At home, thinking
Tuesday morning, the ballroom slowly fills up as attendees to the National Conference of State Legislatures annual meeting find their seats. Patriotic images are projected on the screen behind the podium. Over the sound system, “She’s a grand old flag” gives was to “Coming to America” Every time that flag’s unfurled, they’re coming to America
The preliminary speakers make their comments and finally the keynote speaker comes on the stage. David McCullough speaks slowly and thoughtfully. There is a measured dignity to his words that you just don’t hear from politicians or news broadcasters anymore, the sound of a wise old patrician, with all the positive connotations. Walter Cronkite is probably the closest I’ve heard to a similar voice in my generation.
Why don’t our politicians speak that way anymore? Why don’t we hear this sort of thoughtfulness in the voices of the media. I should learn to speak more slowly and thoughtfully.

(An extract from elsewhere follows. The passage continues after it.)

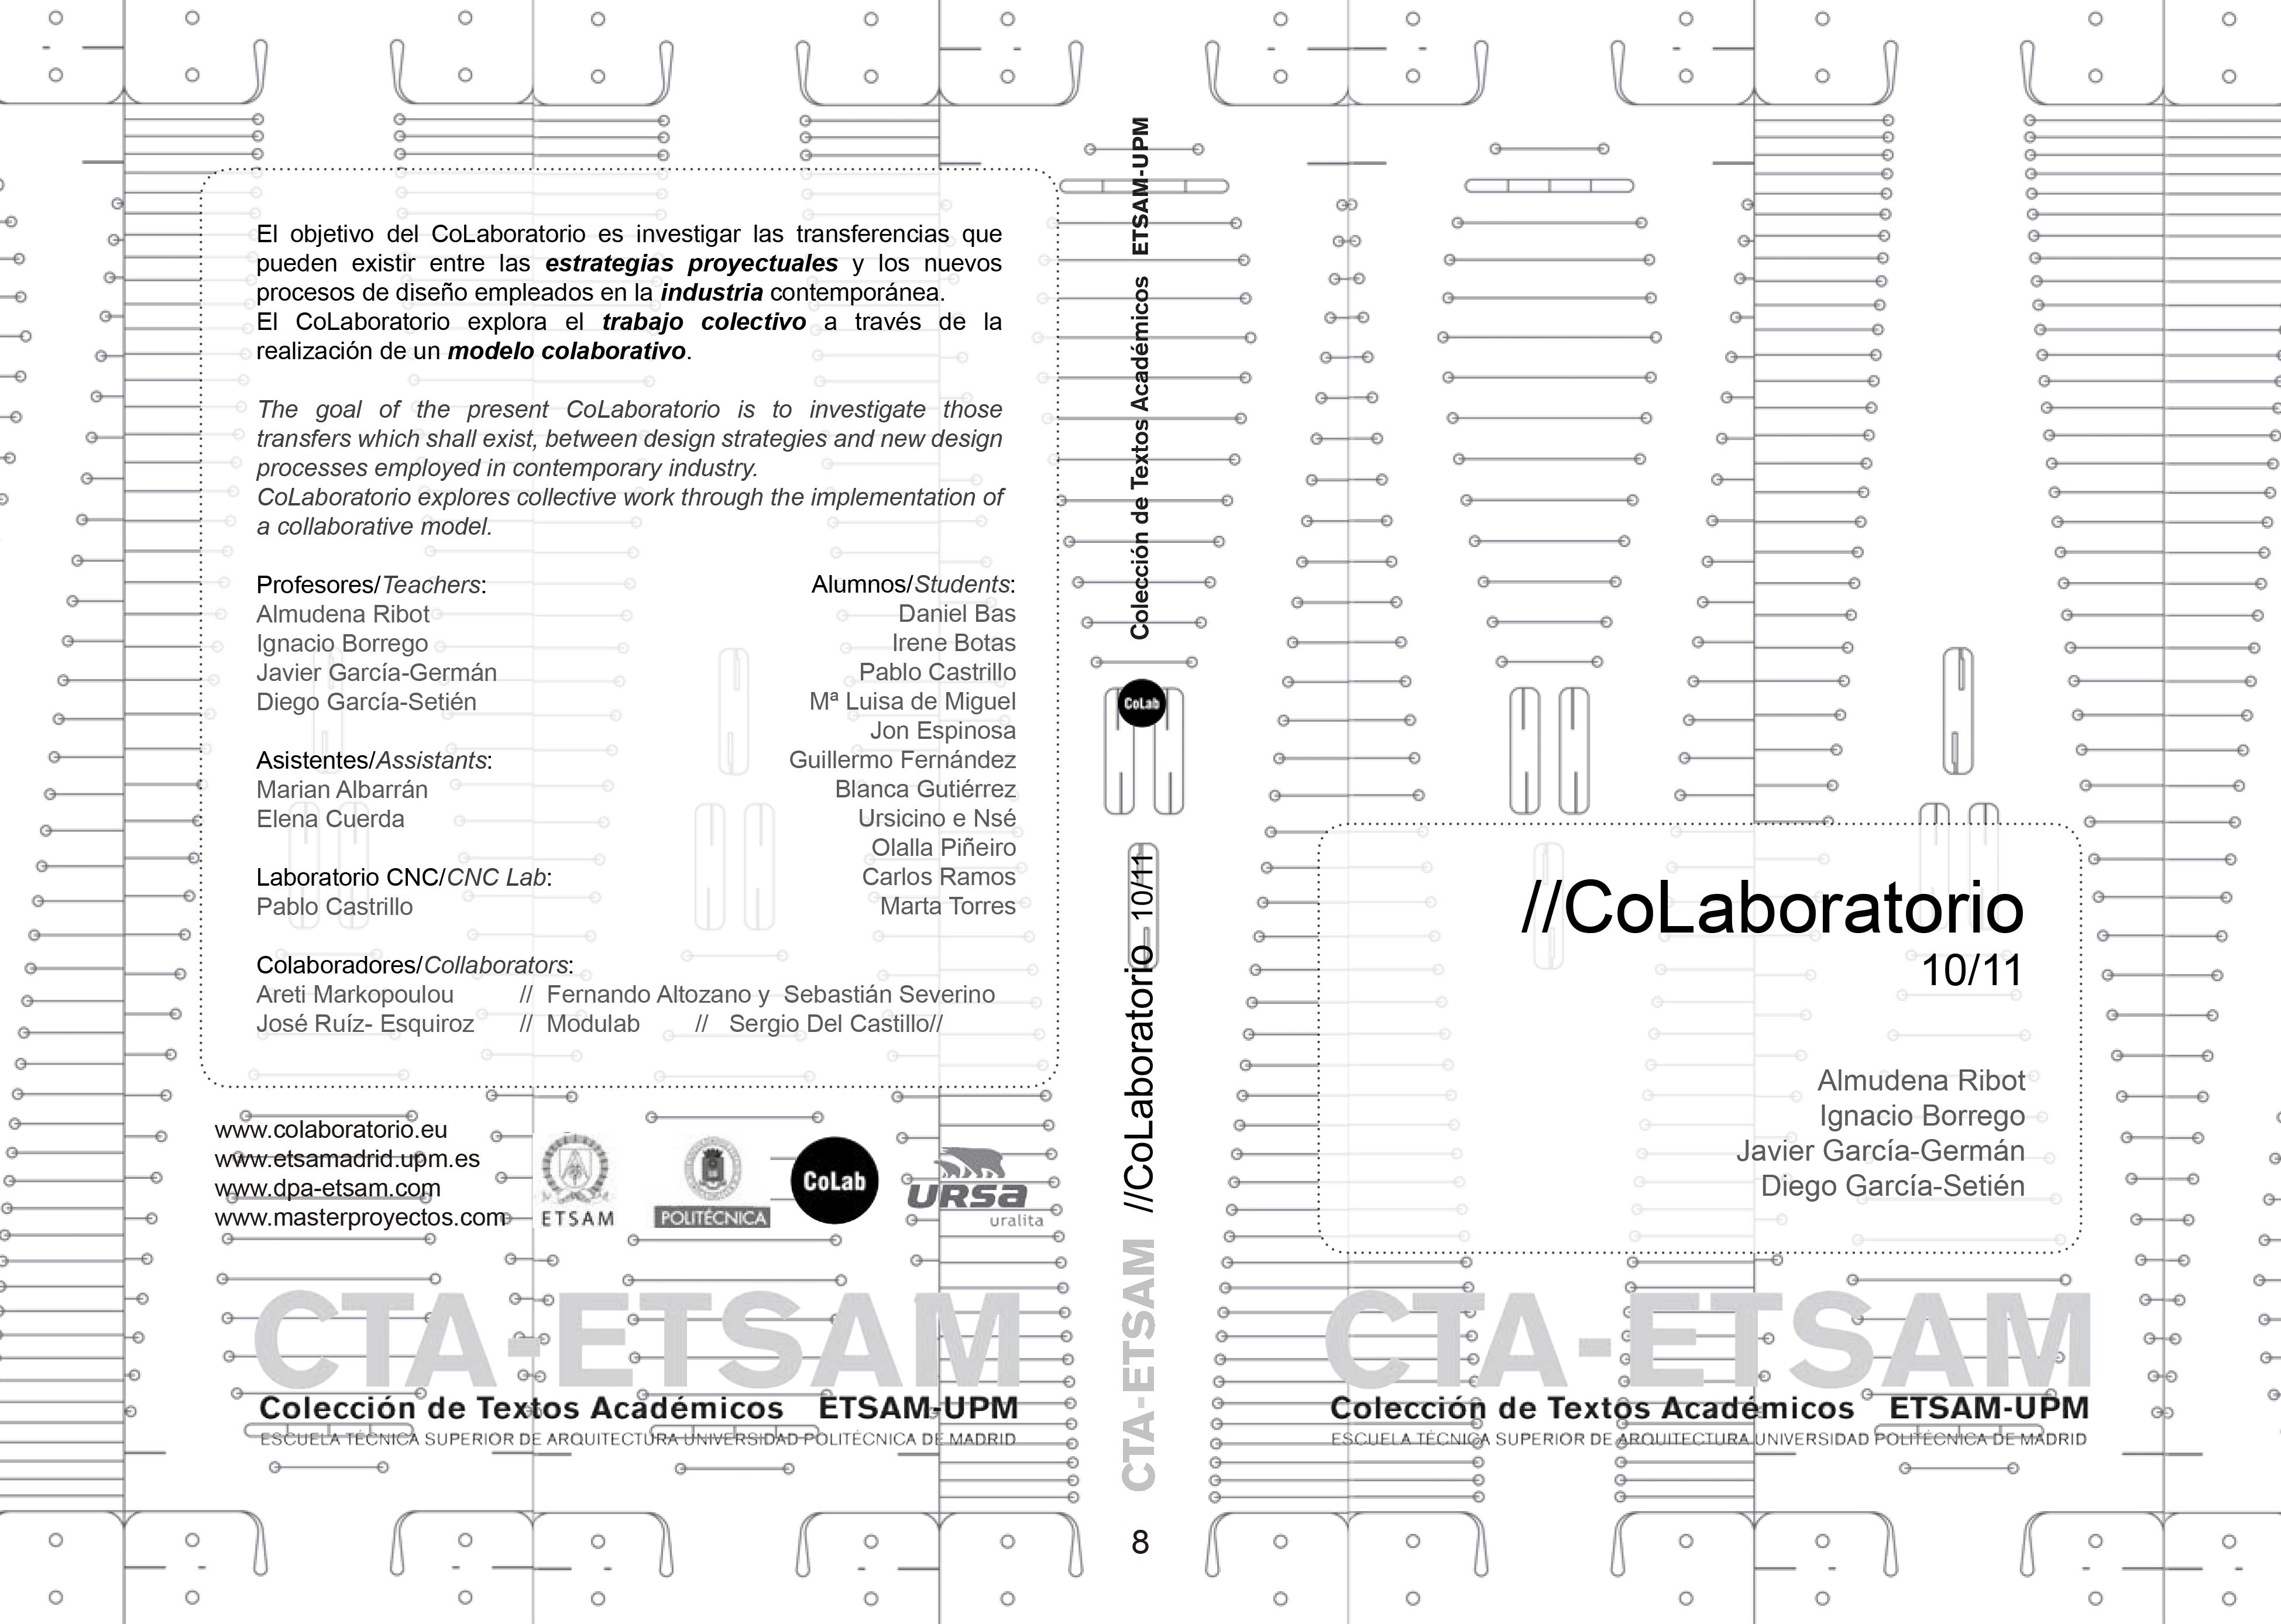 //CoLaboratorio 10/11 (CTA-ETSAM)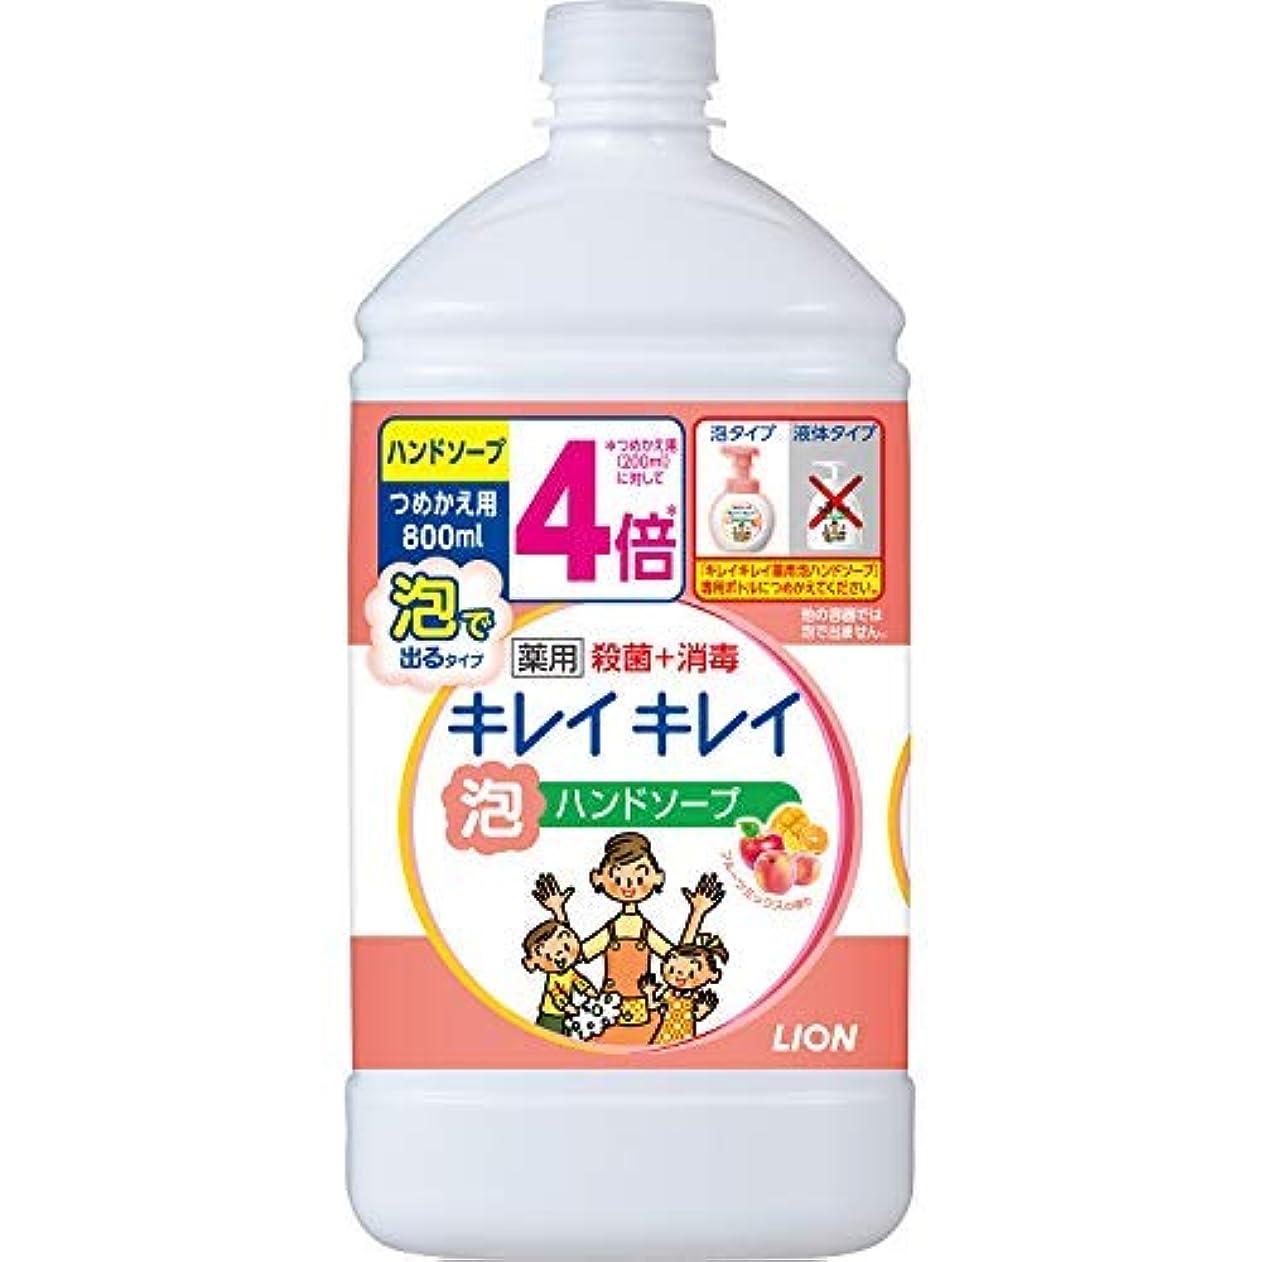 不変レイア四キレイキレイ 薬用泡ハンドソープ つめかえ用特大サイズ フルーツミックス × 2個セット

McCullough starts of by saying that there is no such thing as a self-made man or woman. The recognition that we have all gotten to where we are because of the work of others that have gone before is one that I wish we had more people acknowledge. Yet McCullough brings a new twist to this great old thought.
“Everything I have achieved in my life, is to an indescribable extent, due to my partner, my wife Rosalie.”
It is a touching tribute. He asks his wife to stand and she is greeted with applause. Yet it is also a glimpse of the speech to come. Too many of us do not appreciate those whose shoulders we stand upon because we do not know our history. It is this lack of knowledge of our history that is the key point.
McCullough talks about times when he has spoken at college campuses and been astounded by the lack of knowledge of history these students possess. “The lessons of history are going right by our young Americans…For the past twenty-five years, we have been raising a generation of youth that are for all practical purposes, historically illiterate.”
He talks about students who do know now who George C. Marshall was and uses it to bring in a quote. George C. Marshall went to Virginia Military Institute, but said he didn’t have a great education there because they taught him no history. McCullough expands on that with a quote, “The only new thing in the world is the history you don’t know.” He continues by saying that history should be the most interesting of all subjects because it is about people.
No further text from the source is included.